(Beginning of Extracted entries)

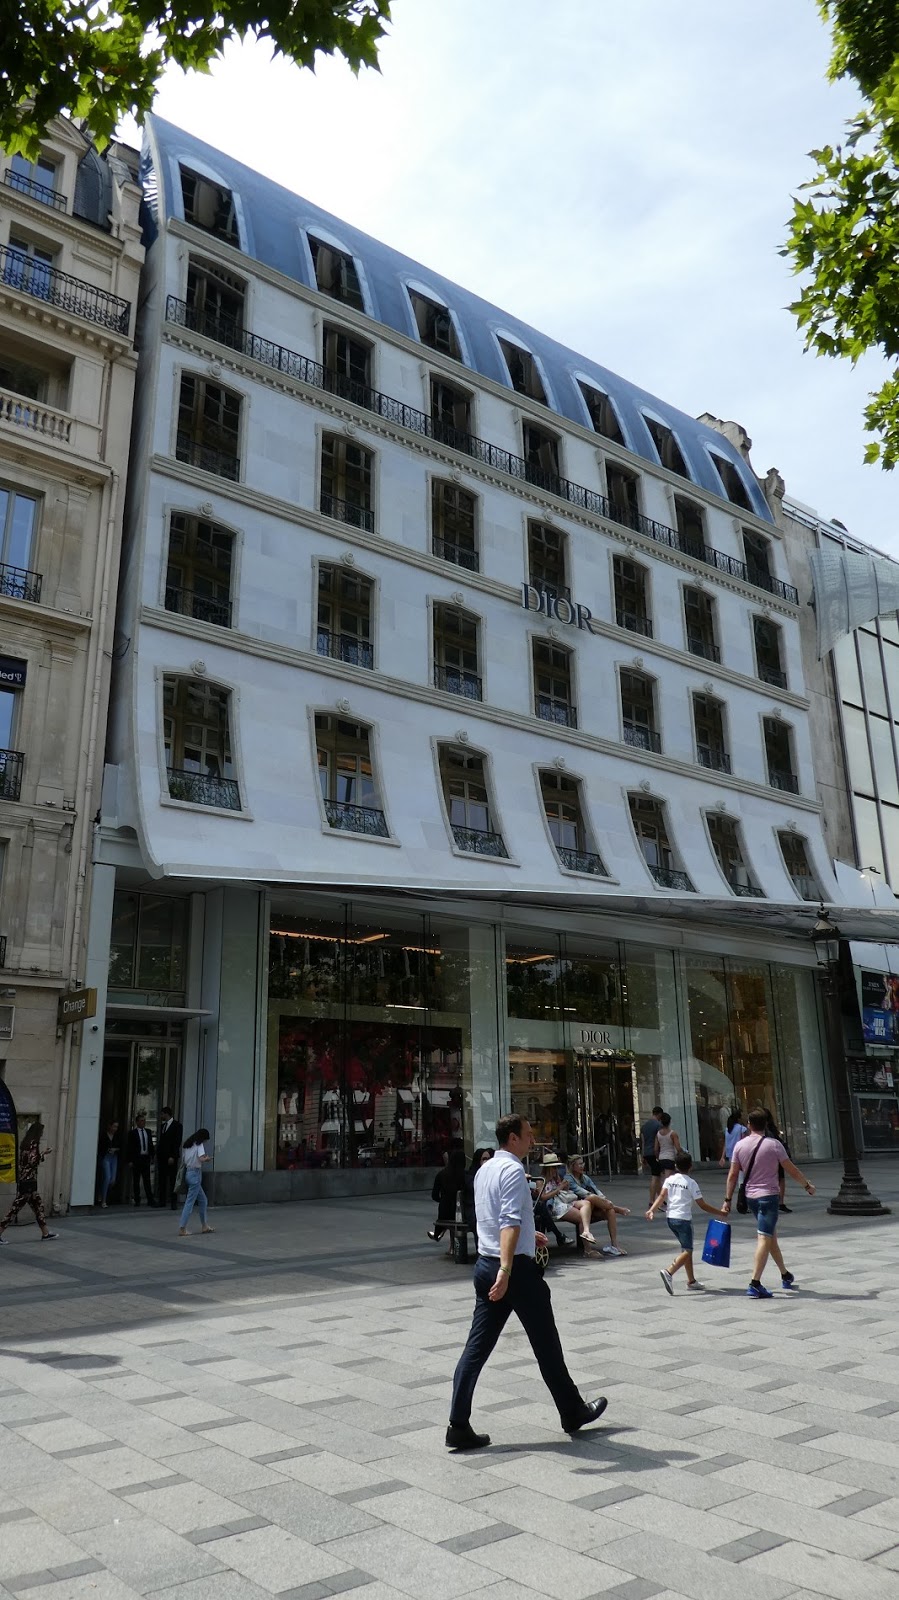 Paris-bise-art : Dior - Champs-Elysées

(End of Extracted entries)
(Beginning of Extracted entries)

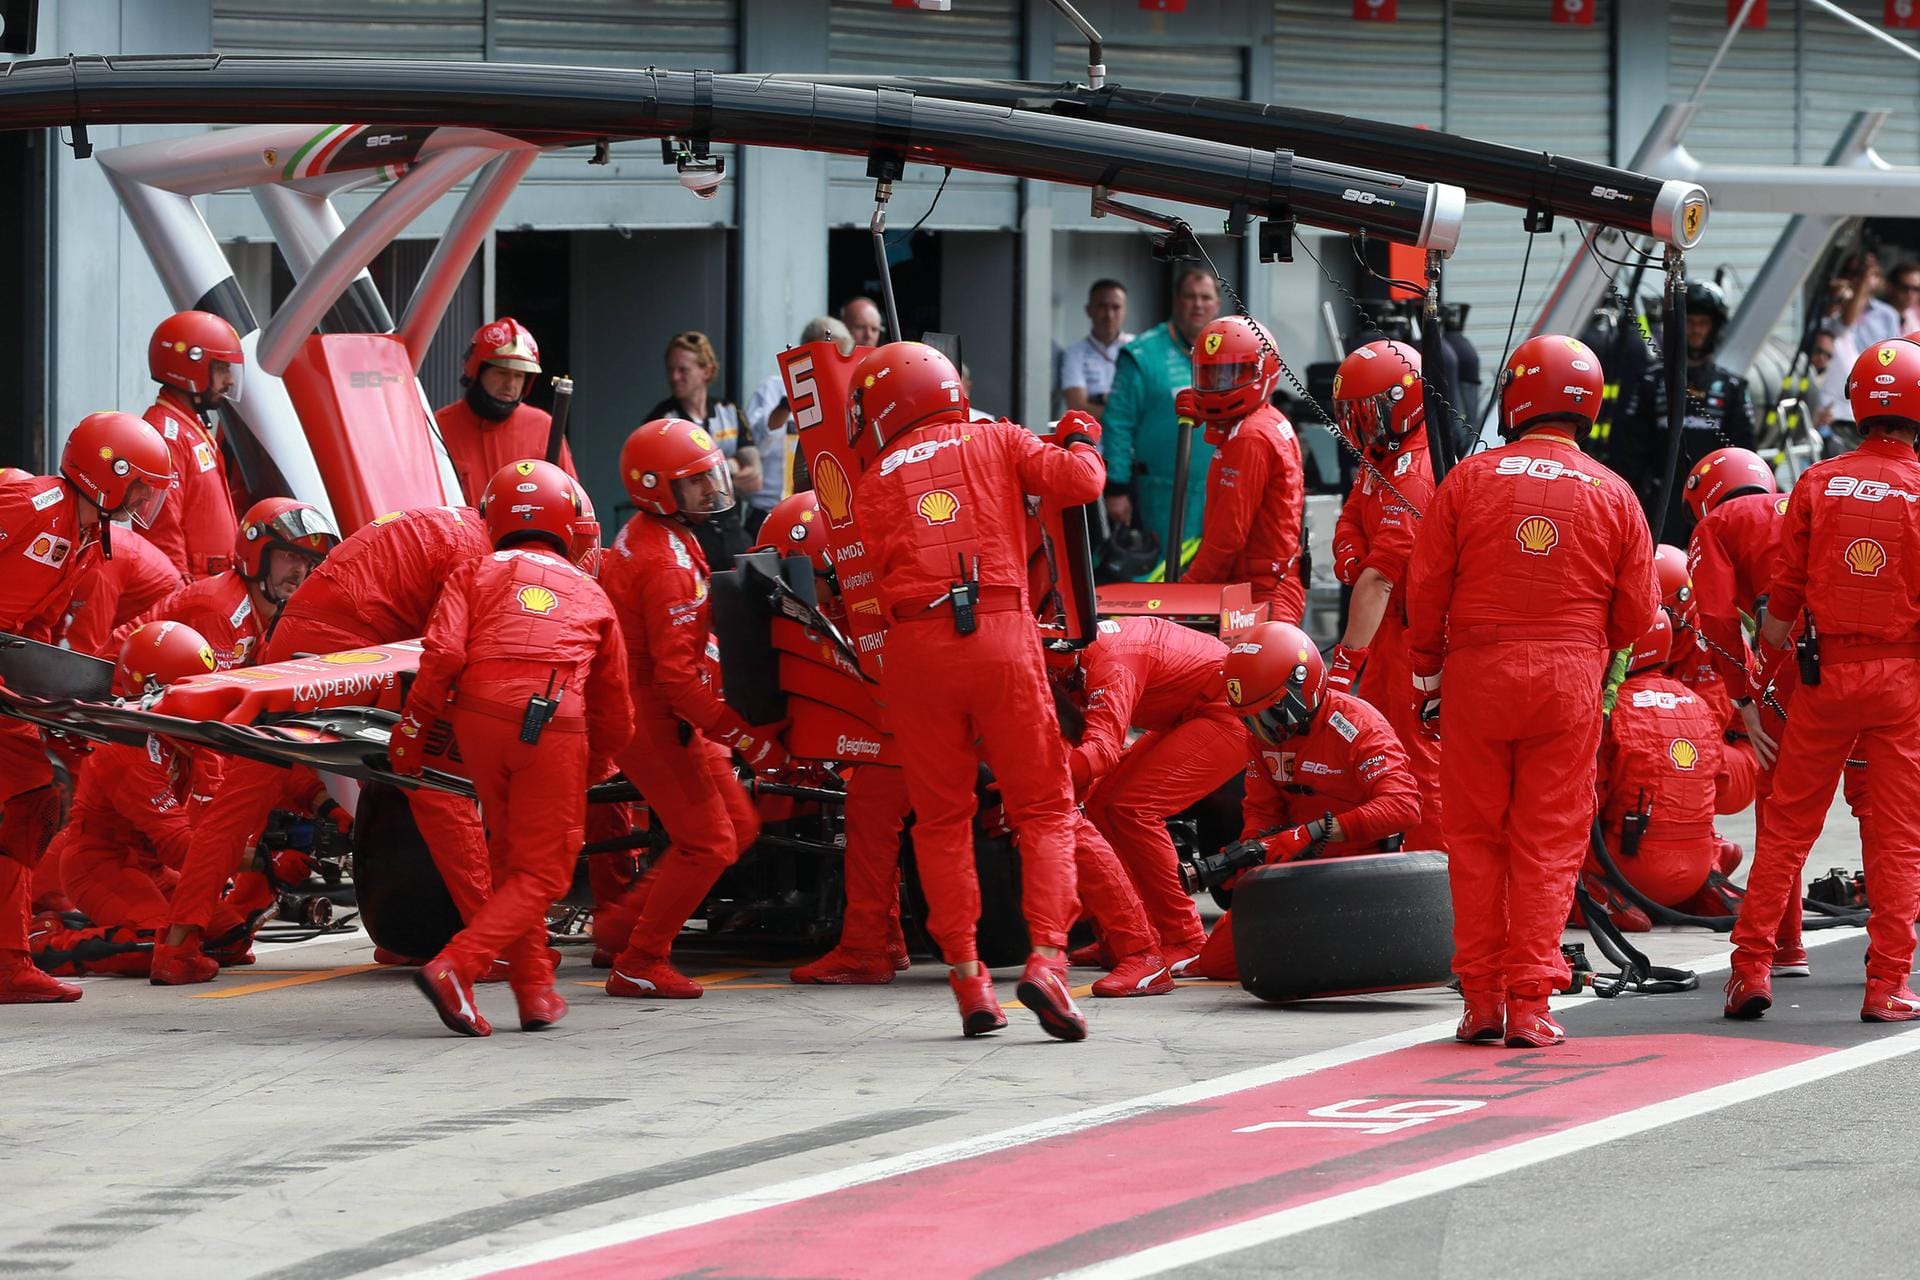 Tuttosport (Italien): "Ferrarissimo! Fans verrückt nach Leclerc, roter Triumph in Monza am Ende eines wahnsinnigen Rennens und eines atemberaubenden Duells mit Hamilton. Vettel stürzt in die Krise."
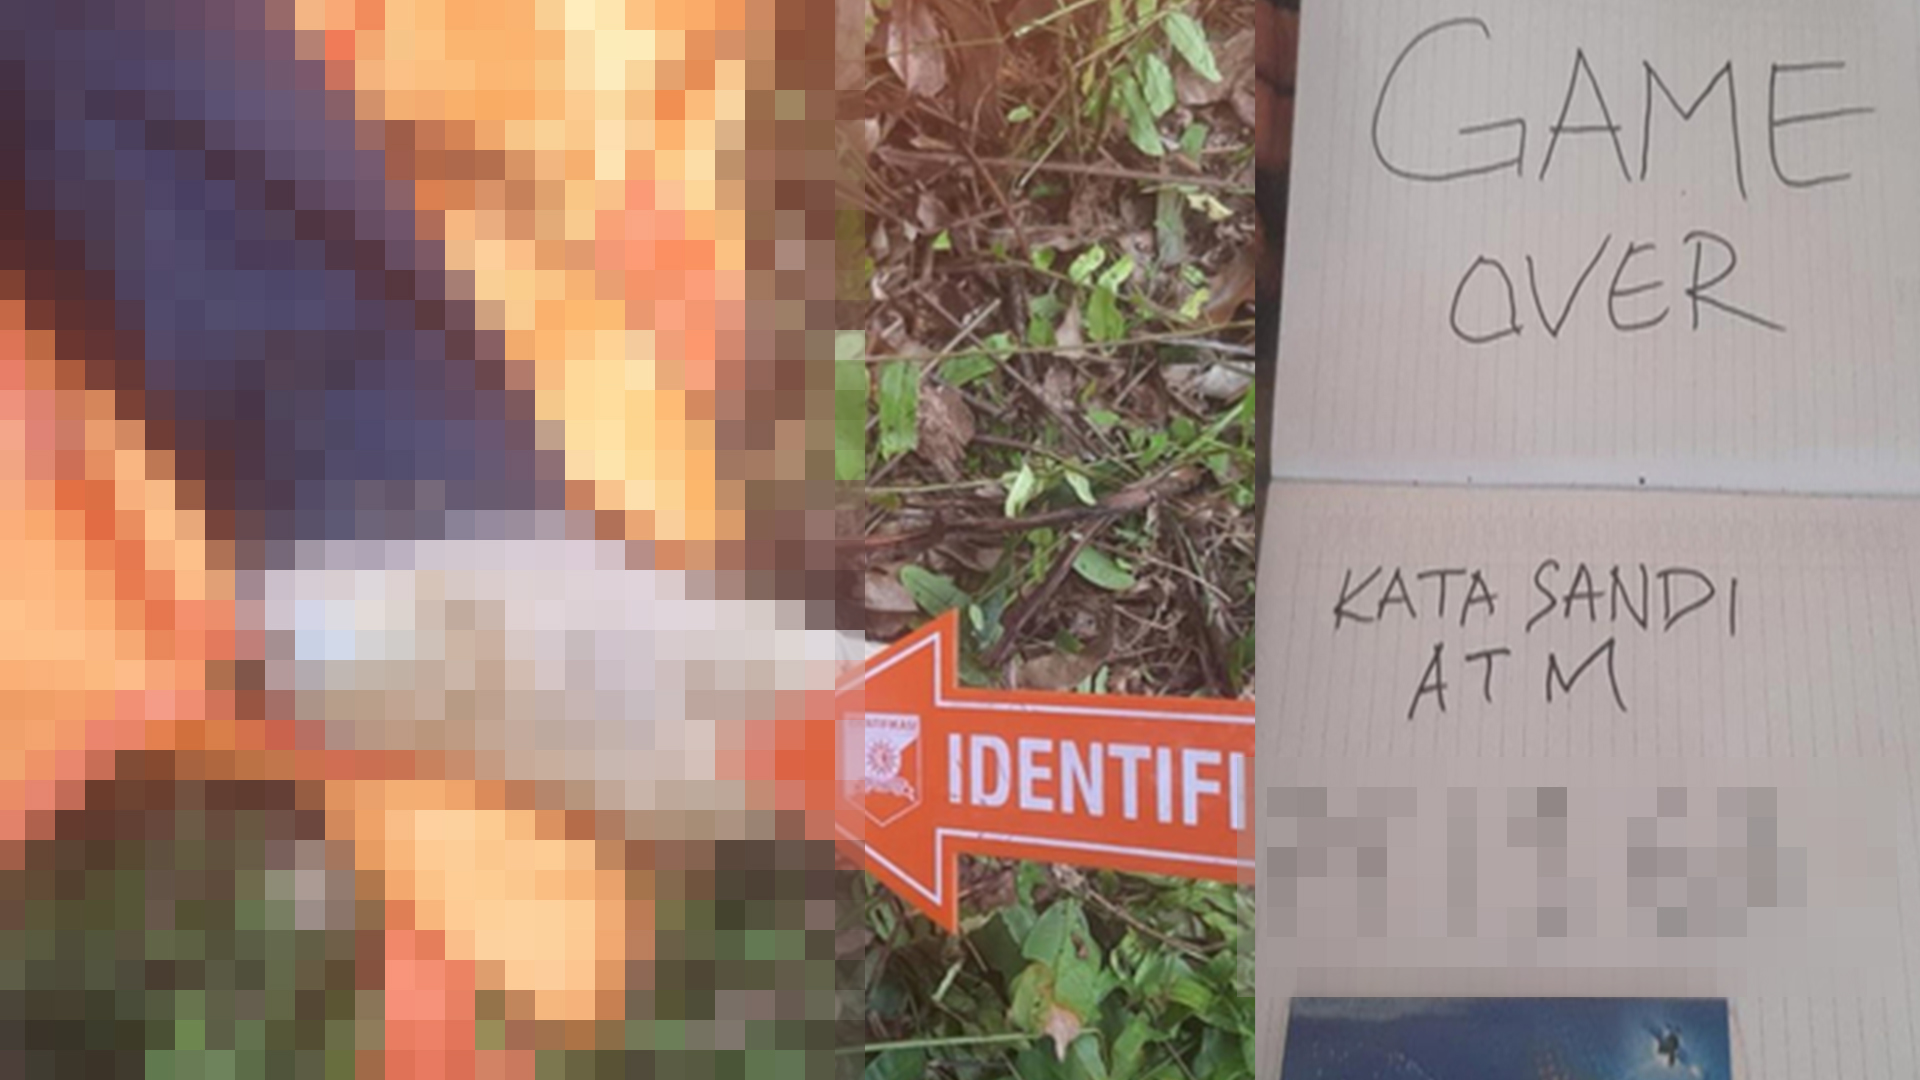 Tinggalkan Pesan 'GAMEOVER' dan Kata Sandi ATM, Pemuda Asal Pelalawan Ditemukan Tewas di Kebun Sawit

(End of Extracted entries)
(Beginning of Extracted entries)

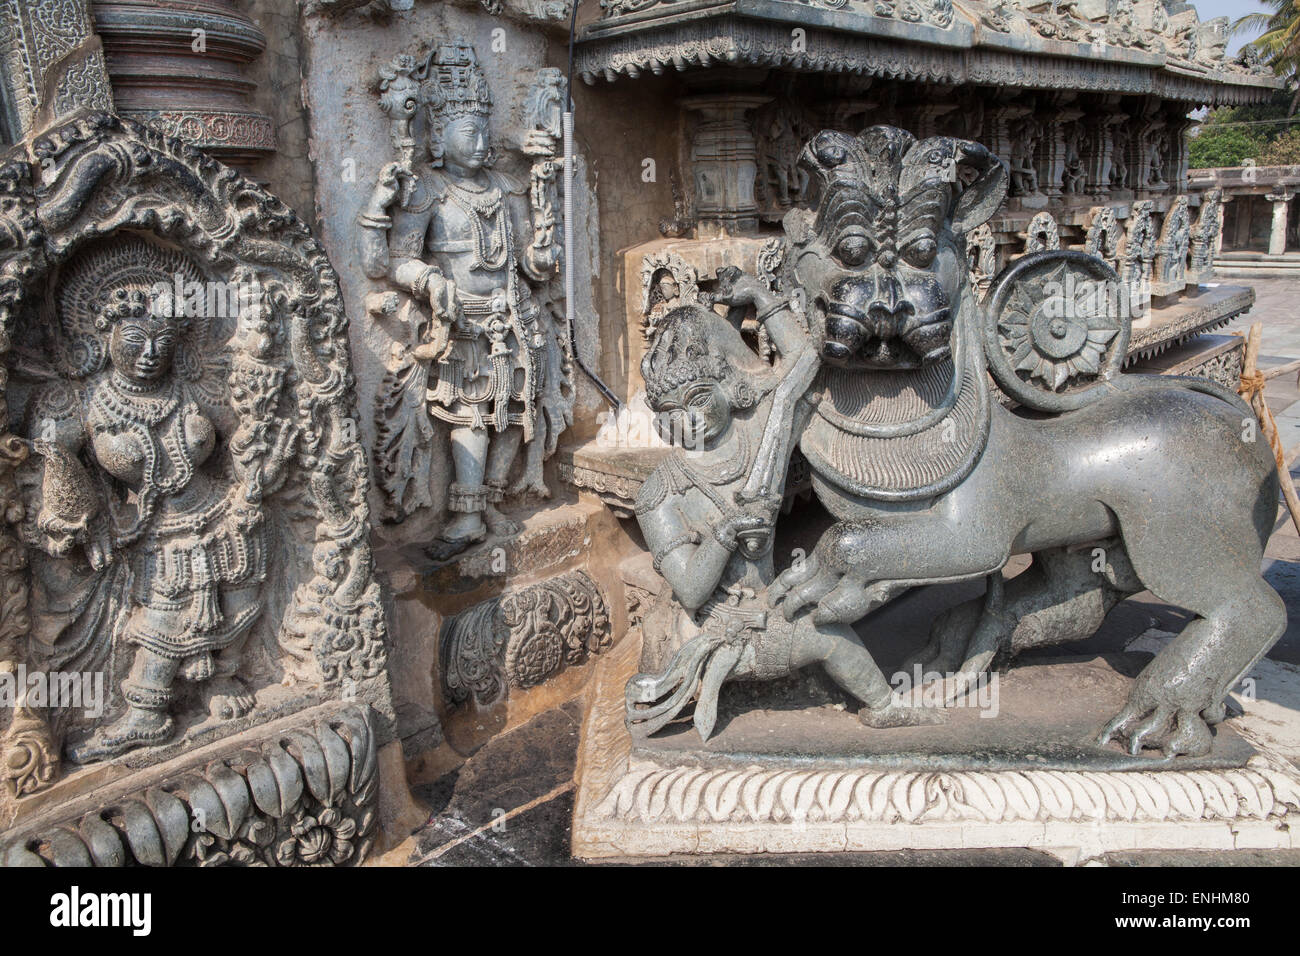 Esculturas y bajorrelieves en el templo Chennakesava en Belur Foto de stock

(End of Extracted entries)

- [Work order] Nothing but the lines above from the line with "Fans verrückt nach" up to and including the line with "Tinggalkan Pesan 'GAMEOVER'" should be returned, exactly as written and without pictures.

- [Answer for the task]
 Tuttosport (Italien): "Ferrarissimo! Fans verrückt nach Leclerc, roter Triumph in Monza am Ende eines wahnsinnigen Rennens und eines atemberaubenden Duells mit Hamilton. Vettel stürzt in die Krise."
 Tinggalkan Pesan 'GAMEOVER' dan Kata Sandi ATM, Pemuda Asal Pelalawan Ditemukan Tewas di Kebun Sawit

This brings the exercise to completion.